Redesigning Security Architecture In A Post-Invasion World – Analysis

The grim realisation that our world has changed is starting to sink in among strategic analysts. Russia’s invasion of Ukraine on 24 February, hot on the heels of a landmark China–Russia joint statement, is ushering in a new era of ideological competition and great power confrontation that is upending many assumptions of the post-Cold War international order.

Key among these are assumptions that formal security architectures and economic interdependence can be relied upon to constrain great power aggression. Russia’s behaviour is throwing these ideas into disarray and left many to ponder the implications for future stability in Europe and the wider world. In the Asia Pacific, there could be significant ramifications for other incendiary security challenges, such as escalating arms races and the future of Taiwan.

There’s a lot of work to be done to make sense of this evolving situation, but one thing is clear: we’re living in a more dangerous world and need to respond wisely. We must find ways to minimise strategic risk, which means improving channels of communication between allies and adversaries. We need to use these channels — new and existing — to build a common sense of purpose in the pursuit of peace and stability. The alternative is an unconstrained global arms race, escalating the risk of existential conflict between the great powers and a war in which there will be no winners.

Before the world changed for the worse in February, the Asia-Pacific Leadership Network (APLN) was involved in a project promoting security cooperation in Northeast Asia — a region lacking the formal security mechanisms of most other regions, such as those that have broken down so dramatically in Europe. The project, which was funded by the UK Foreign and Commonwealth Office and jointly run with the Carnegie Endowment for International Peace and the Royal United Services Institute, engaged regional leaders on fostering a sense of common purpose and building better relations to reduce risks and prevent conflict amid Northeast Asia’s increasingly complex security challenges.

Two broad areas of agreement emerged from a series of workshops, consultations and meetings. First, states should adopt an ‘eco-system approach’ to security-building in which they leverage existing security mechanisms to help safeguard the regional and global commons. Some channels of cooperation already exist, such as collaborative efforts to tackle transboundary environmental risks, respond to natural disasters, and build public health infrastructure. By expanding and deepening these initiatives, states in the region can build habits of cooperation that over time foster trust and transparency and improve relations.

Second, since governments don’t always keep regional and global interests at the forefront of national policy, states need support from non-governmental initiatives to fill gaps in dialogue when conditions are not conducive to state-level talks. Politically sensitive security challenges, such as arms races and territorial disputes, sometimes need to be addressed in an informal setting by neutral organisations that can convene officials from adversarial states and encourage off-the-record conversations on addressing strategic risks. These meetings, known as Track 2 and Track 1.5 dialogues, can be bolstered by civil society initiatives that emphasise our common humanity across national, cultural and social borders.

Based on these areas of agreement, APLN created a list of recommendations to improve security cooperation in Northeast Asia, which has been endorsed by influential policy experts from across the region and beyond. These experts regard the eco-system approach as the best hope of managing the region’s security challenges, which can often appear so big and intractable as to be paralysing. Rather than trying to tackle the most sensitive issues head on, the recommendations focus on taking small steps where common ground exists. Habits of cooperation build trust, which makes cooperating on traditional security challenges more feasible over the longer term.

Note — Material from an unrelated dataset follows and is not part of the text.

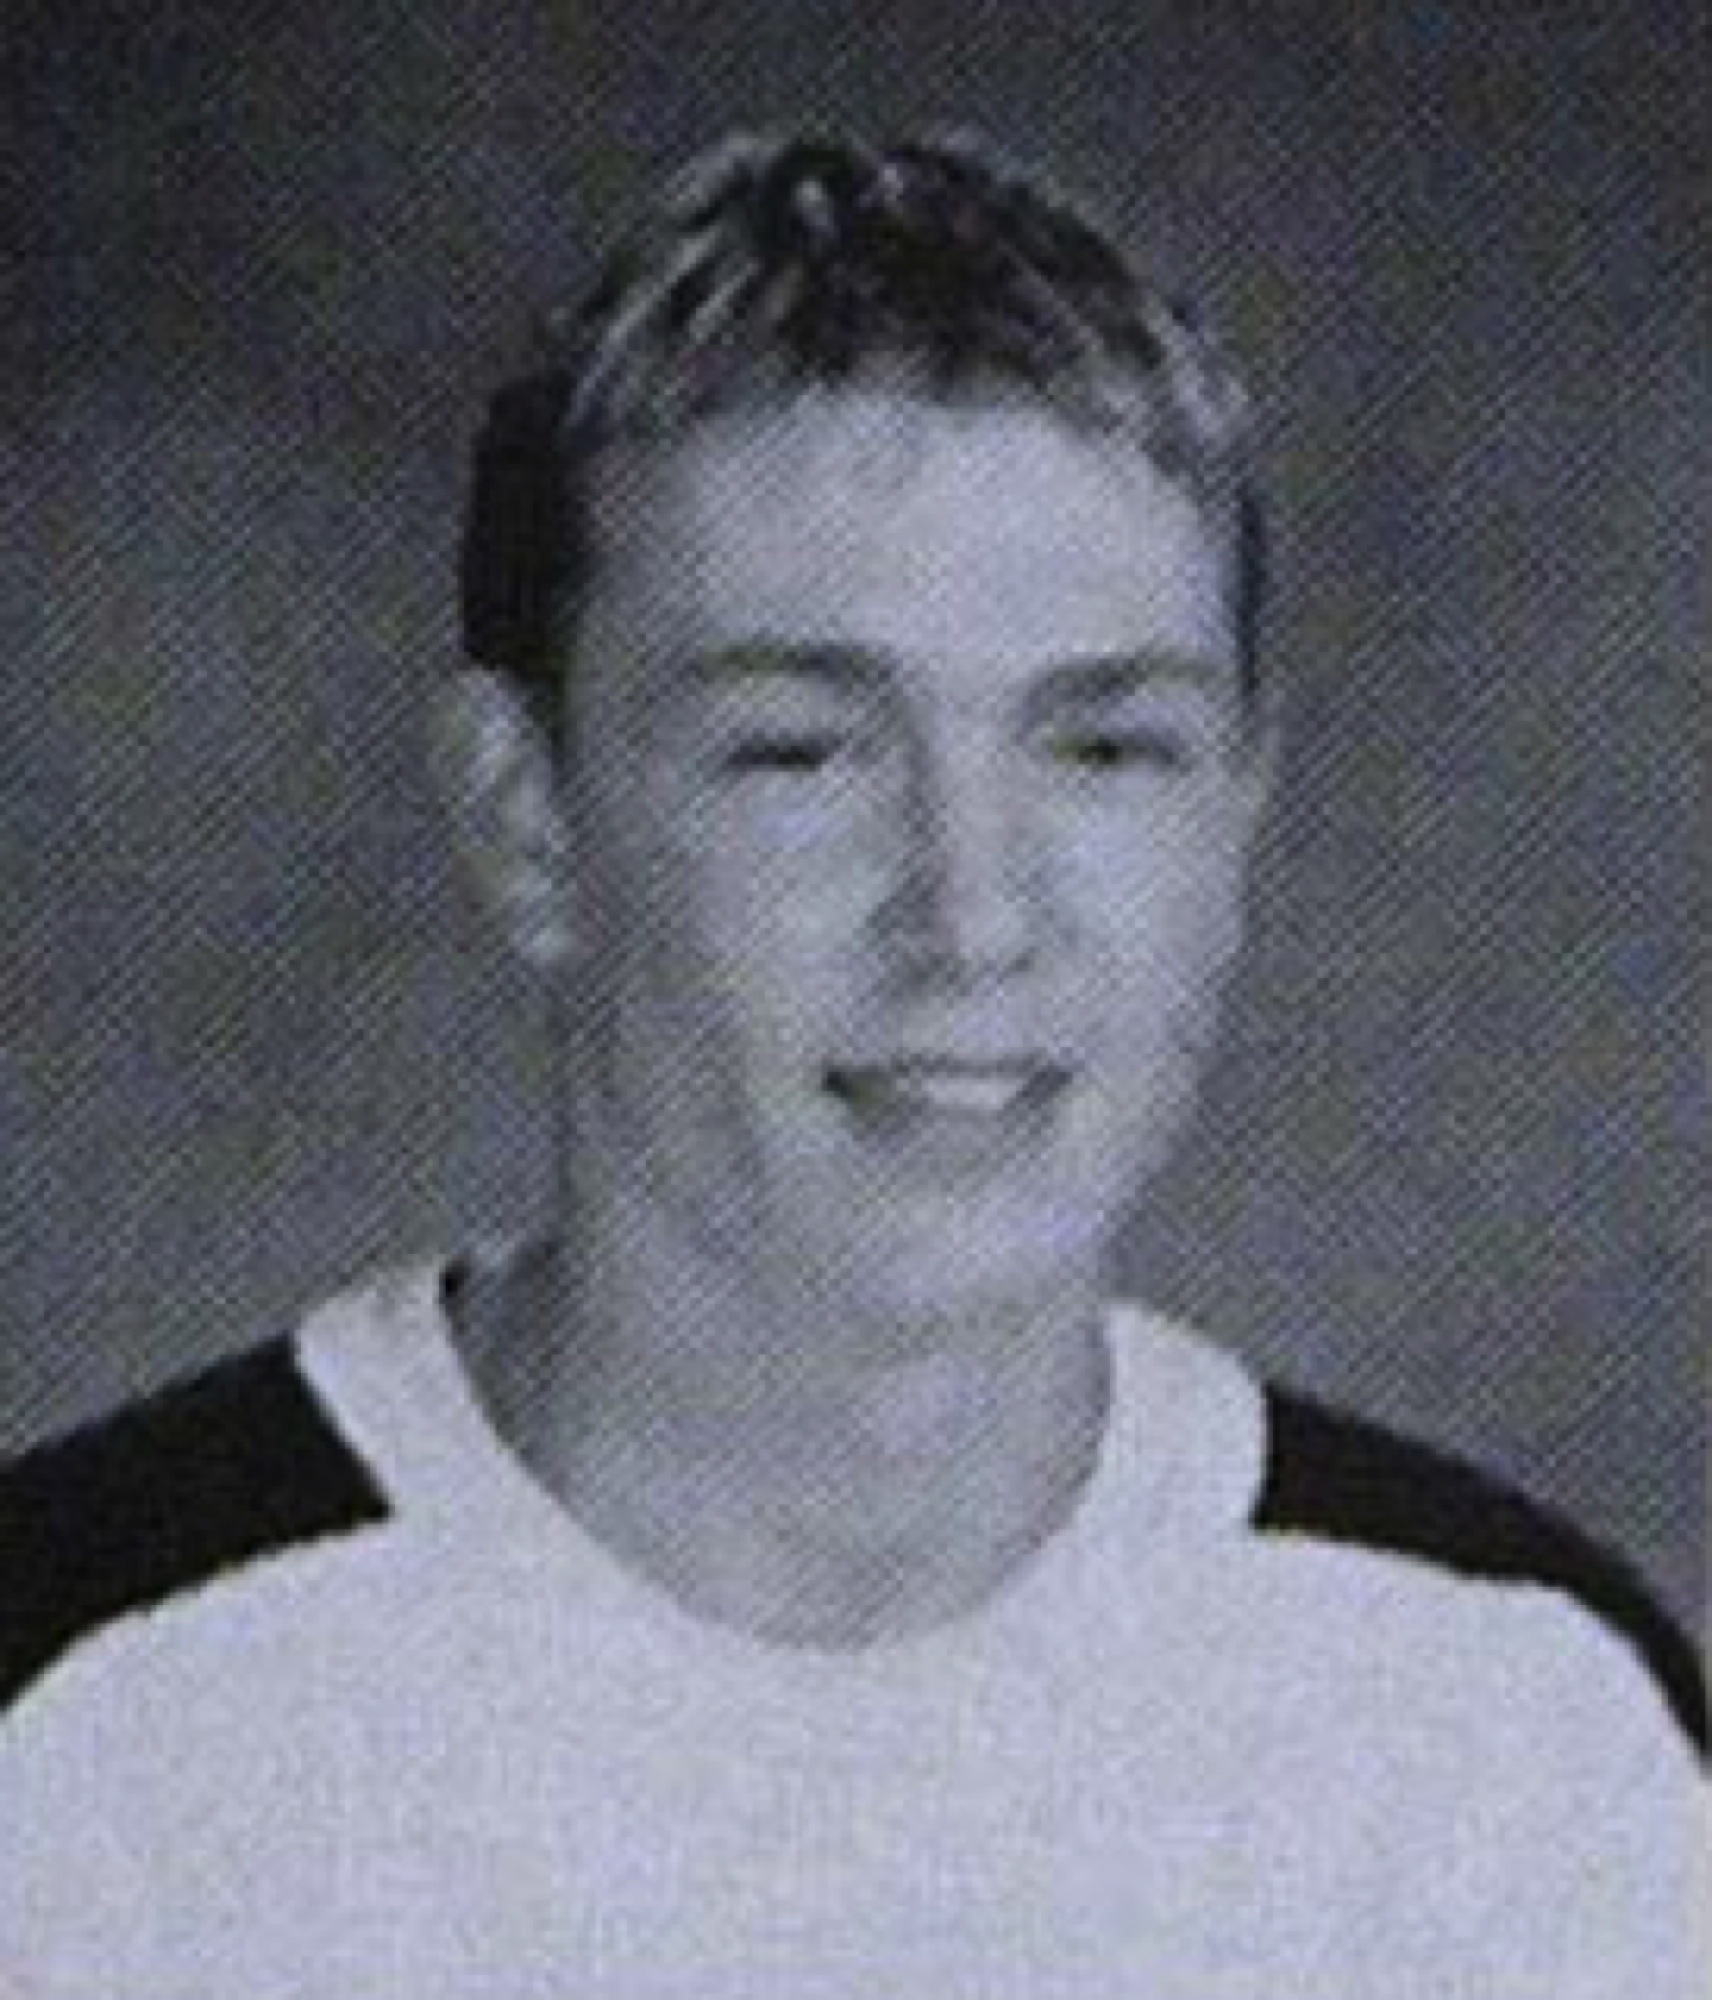 Chad Michael Murray yearbook photo one at Aol.com at Aol.com

The Northeast Asia security architecture project could have wider relevance now that the war in Ukraine has so brutally exposed the fragility of the rules-based order and the vulnerability of Europe’s once lauded formal security architecture. Whatever the war’s outcome, building a sense of common purpose among states in the post-war Euro-Atlantic environment will be a difficult but necessary task. Focusing on collaborating to address the threats that face all humanity, from pandemics to climate change, might offer the best hope of bridging national divides and bringing some semblance of stability back to the region and the world.